Prior to the scheduled opposition debate tomorrow in Parliament, the Government has announced it will not have enough home inspectors in place to successfully implement mandatory Home Information Packs (HIPs) by next June. There is as yet no future date for implementation.

Housing Minister Yvette Cooper said: ‘We have concluded that there would be significant risks and potential disadvantages to consumers from a mandatory ‘big bang’ introduction of full Home Condition Reports on 1 June 2007.

‘In particular: Further testing is needed to ensure that Home Condition Reports deliver the assumed benefits for consumers and that the operating systems that support them work smoothly. Design work on the dry run has made it clear that this cannot be completed in time for the results to be taken into account in by 1 June.’

Shadow Minister for Housing and Planning, Michael Gove, countered saying that the Blair administration was slowly discovering that the HIPs project amounted to ‘expensive and deficient red tape’ left over from the shambolic John Prescott regime, and had also realised that it would ‘simply not deliver the improvements that the housing market needs’.

He added: ‘The Government claims that the Packs are necessary to implement an EU Directive to provide Energy Condition Reports when a home is sold. Yet in Northern Ireland, the Directive is being implemented without the introduction of Home Information Packs.’

Charles Smailes, President at the National Association of Estate Agents (NAEA), commented: ‘The Government has admitted it is unlikely to have the necessary number of home inspectors in place by 1 June 2007 to cope with home condition report demands.
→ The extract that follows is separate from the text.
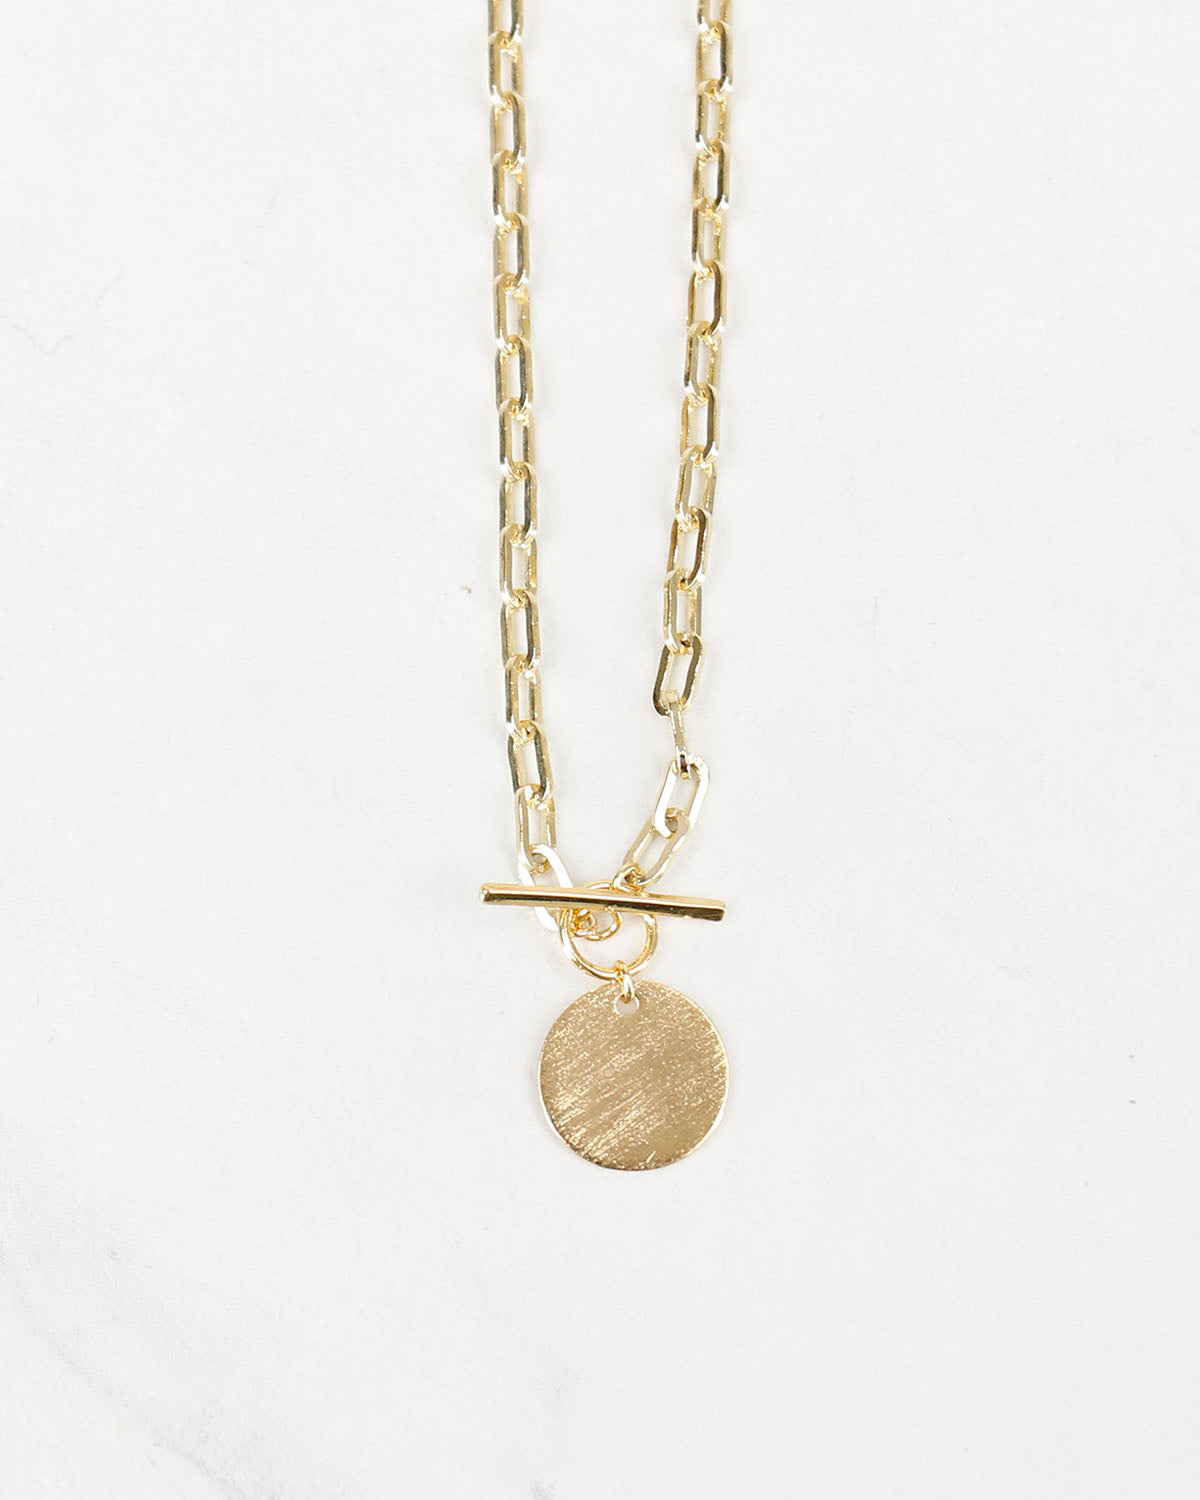 Ring & Bar Pendant Necklace in Gold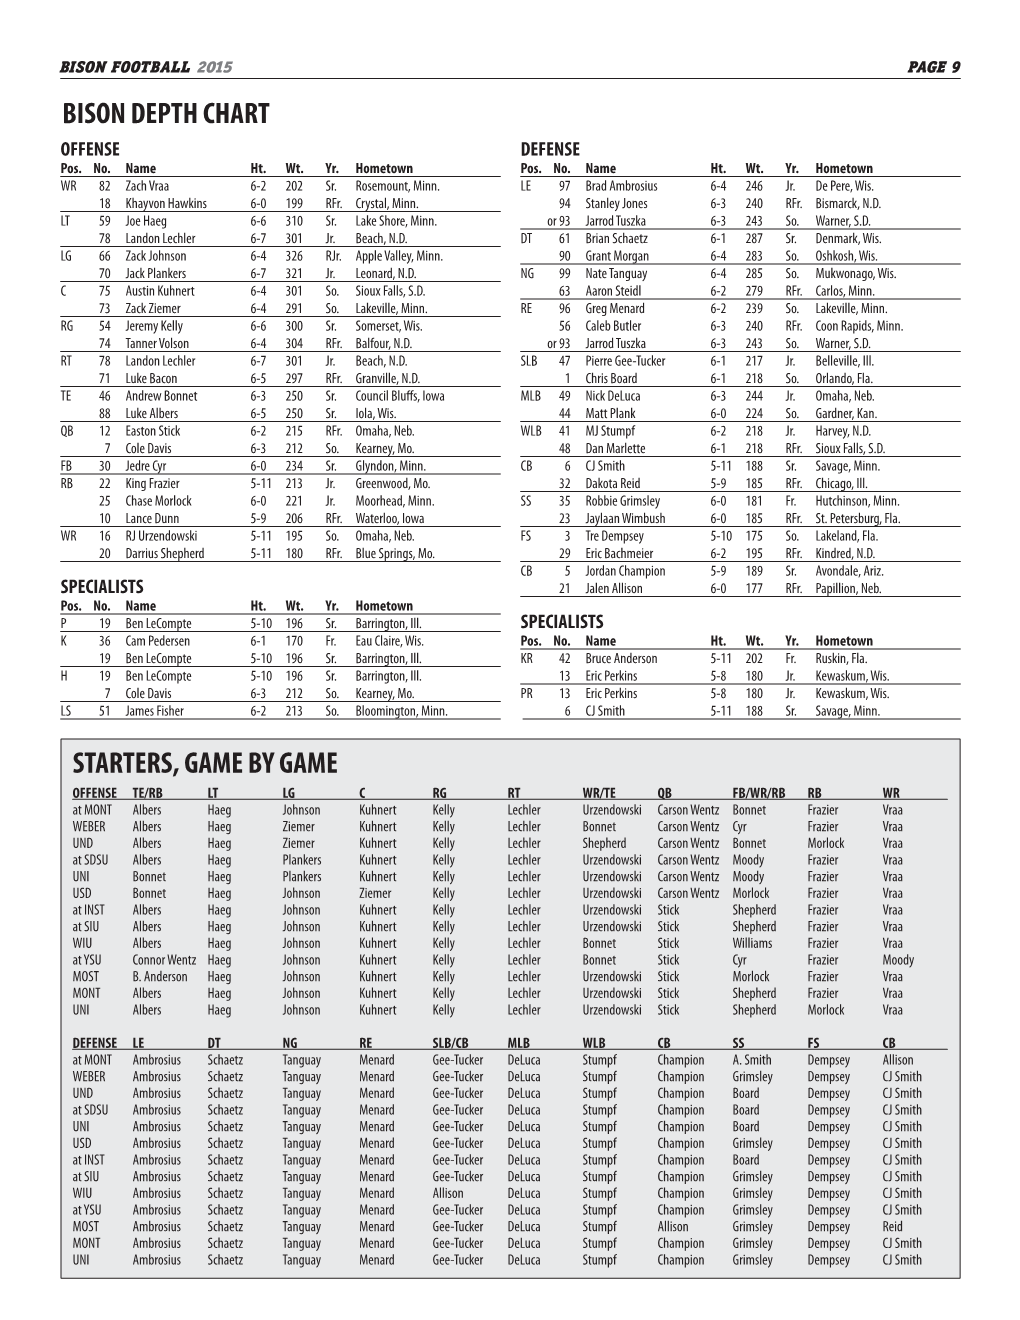 Bison Depth Chart Starters, Game by Game

This has been a major concern of the NAEA and we are thankful the Minister has finally listened.

‘The announcement today is something of a U-turn by the Government on legislation it has been working on for over five years. It calls into question the effectiveness of a HIP when the documentation included is now largely available online. The legislation would seem unnecessary and does not cover the important reasons why home sales and purchase transactions fall through.’